PETERSON: Very good, and you’re here for the Tourism Awards this evening, they should be fantastic.
ALBANESE: They will be great and I look forward to seeing the new stadium, I haven’t been there before.
PETERSON: You’re going to love it.
ALBANESE: It will be a great thing. The Qantas Australian Tourism awards are held every year and they have paid tribute, WA usually does pretty well I have got to say, in them.
It’s a great night, it’s a celebration of the importance of tourism to our future growth. There’s about 1 million Australians earn their living directly and indirectly due to tourism and of course the prospects for the west, I’ll be back over here next month for the first direct flight from Perth to London and that’s incredibly exciting and that will change the whole dynamic.

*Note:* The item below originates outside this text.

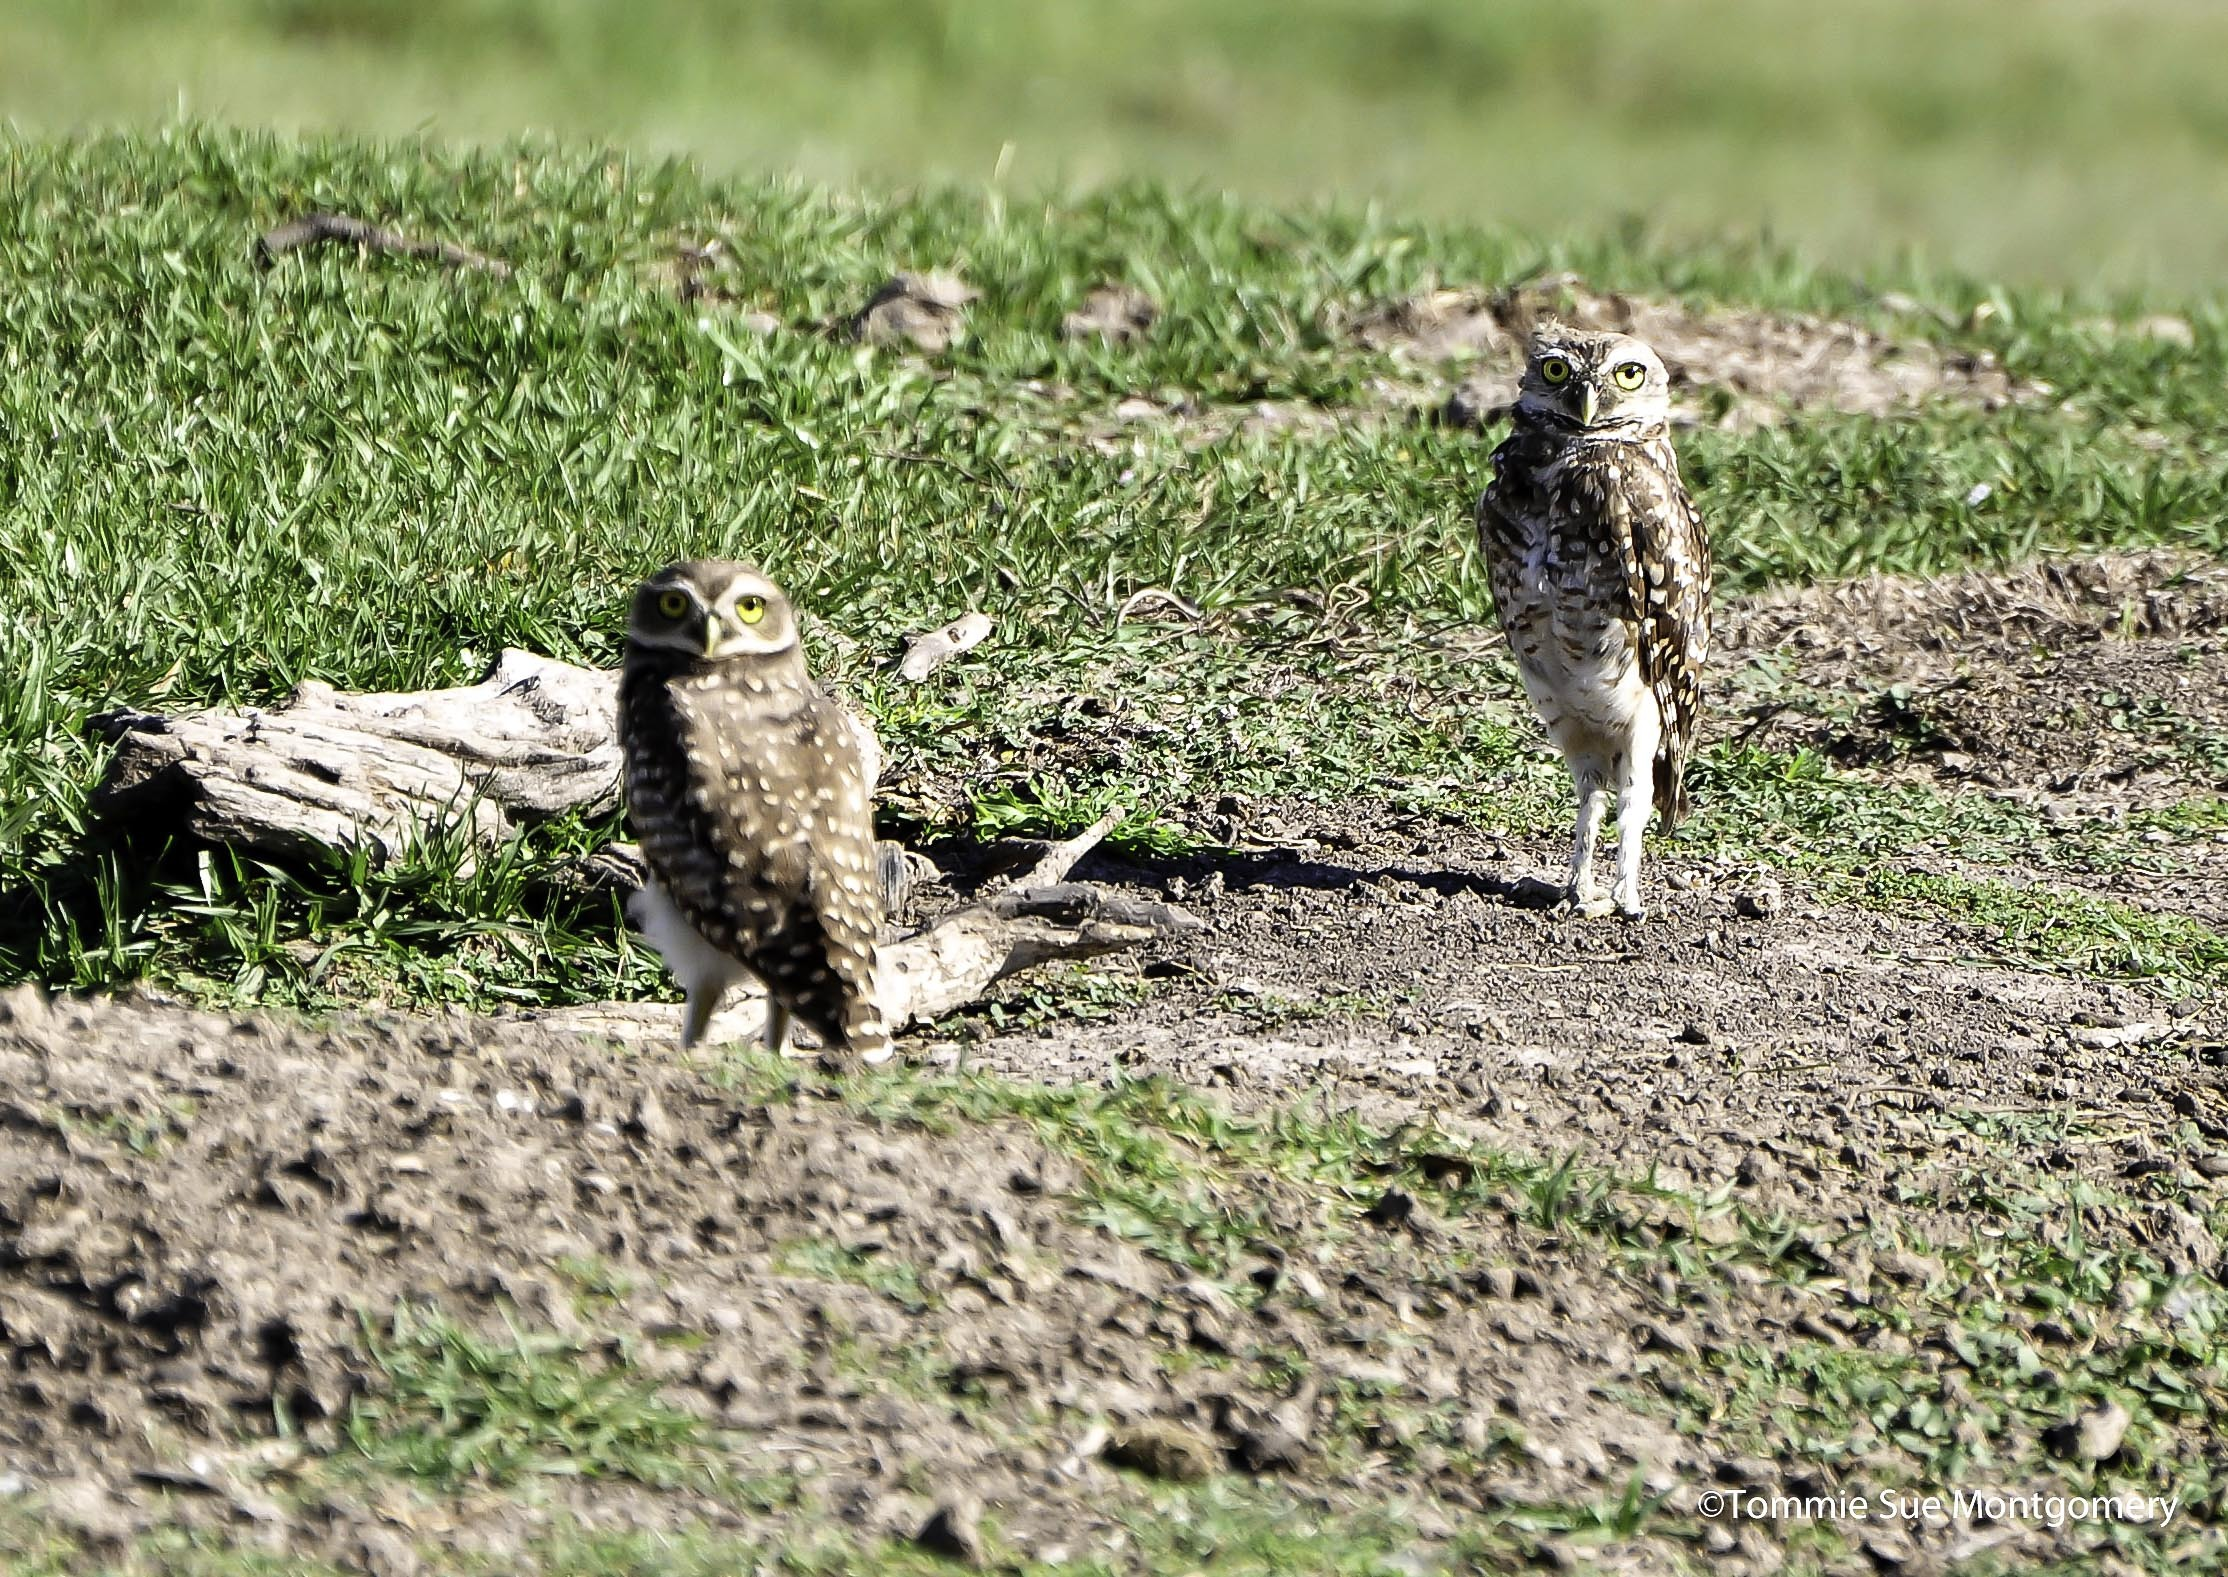 owls next to their burrows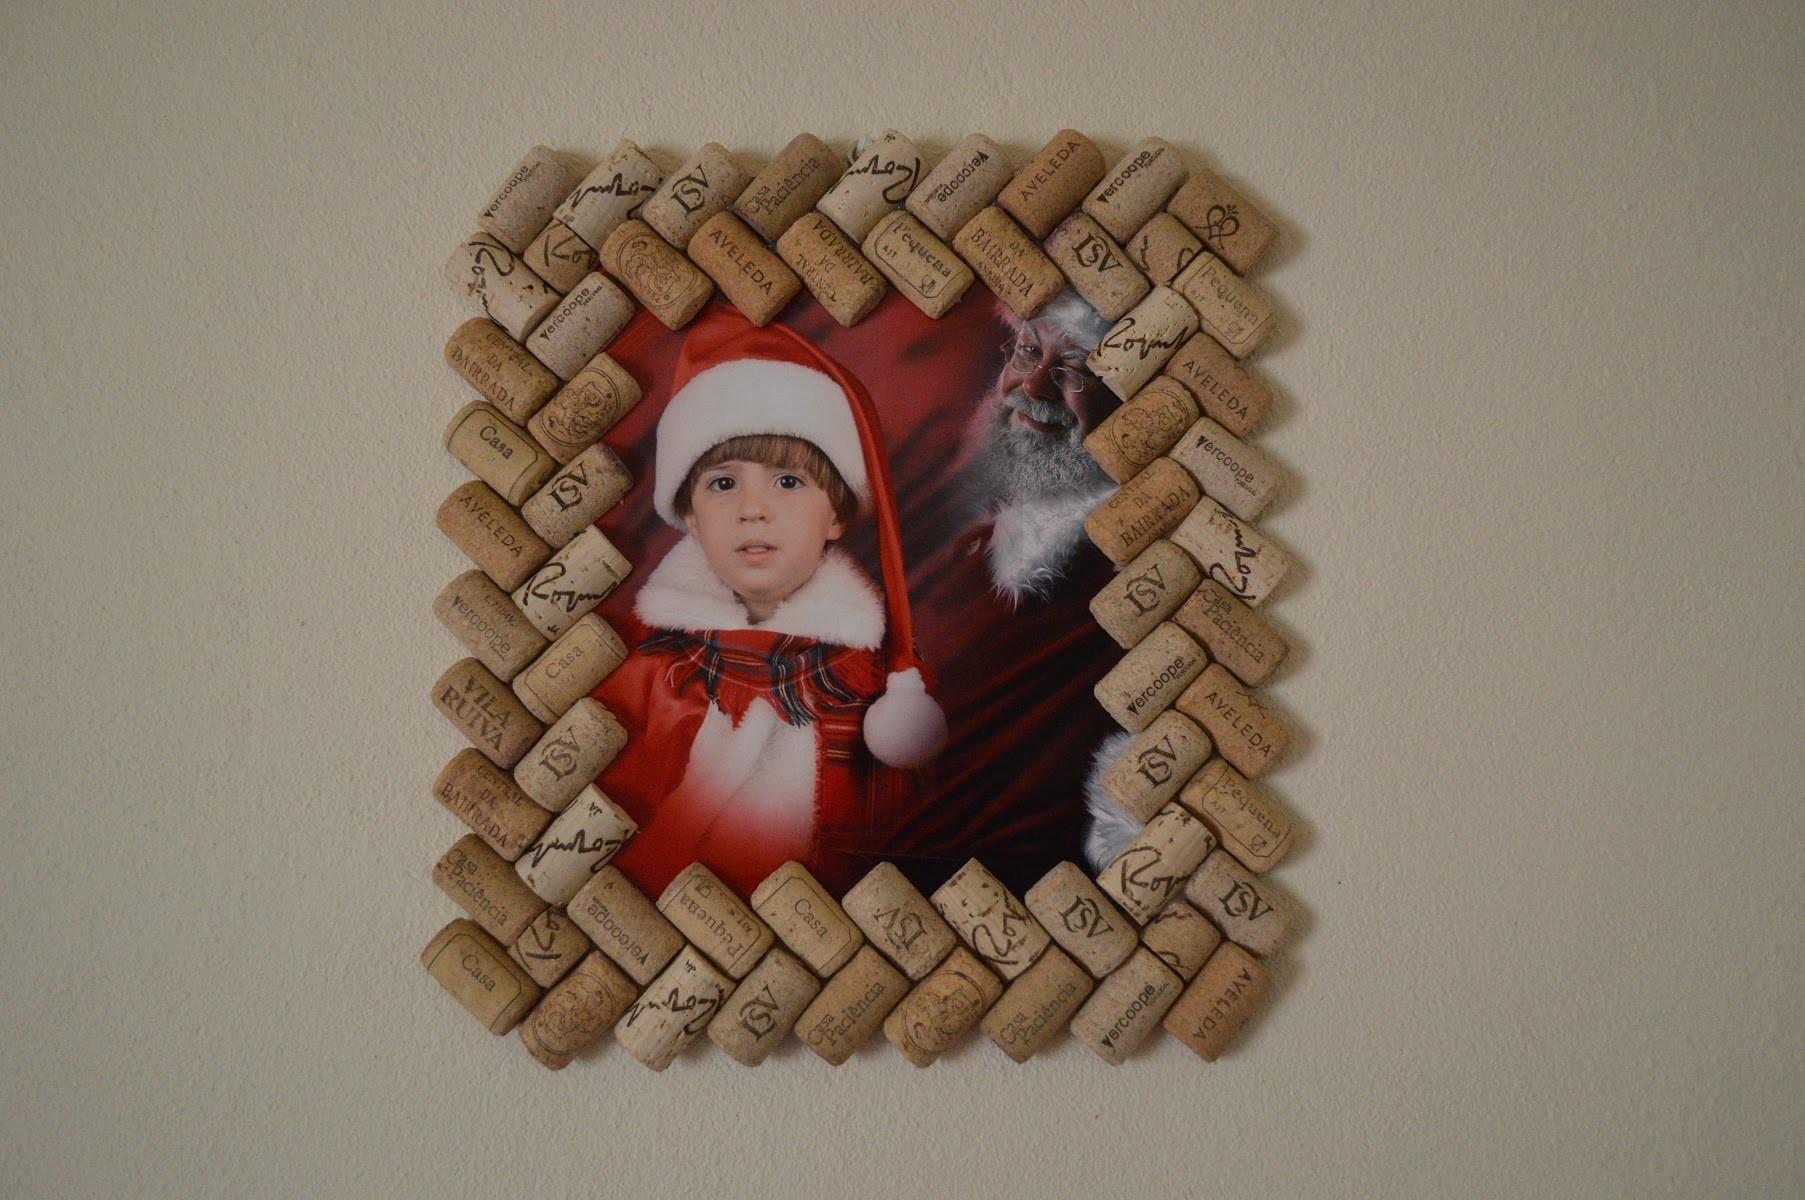 Como hacer Porta retrato con tapones de corcho - How to make Photo Frame with corks

Not just opening up for overseas tourists, but I think it will be very attractive for people from the east coast. To come to Perth, do some business or have a look around, not just here but up or down the coast, or go have a look at Kalgoorlie, go across to Rottnest, to then travel onto London directly and not have to go through customs in Singapore or Dubai or Abu Dhabi or some other stop. I think it’s a great thing that Qantas are doing and it’s particularly good for Perth.
PETERSON: Indeed, and also your sparring partner, because we’ll be talking to yourself and Christopher Pine shortly, he still hasn’t been here despite saying that when he comes to Perth everybody will put him on their shoulders when he goes to Henderson.
ALBANESE: See he lives in Adelaide, and he never looks, he looks up north and he never looks to the left, he just can’t cross that Nullarbor and you know he has got defence as well, he has got his own RAAF Plane. He could hop on, come over here. I’m a regular visitor and I think one of the things that is really important is that you can’t just drop in for an hour or two hours every year. You’ve got to come here regularly, develop relationships find out the way that the city ticks.
It’s a good thing. I just had lunch at a little café. You’re talking to people about what’s going on, what they think is happening in the economy here and I always enjoy my trips to Perth, it’s always pretty good weather too.
PRESENTER: It certainly is, we’re happy to host you Anthony Albanese. Good to see you again and we’ll catch up shortly.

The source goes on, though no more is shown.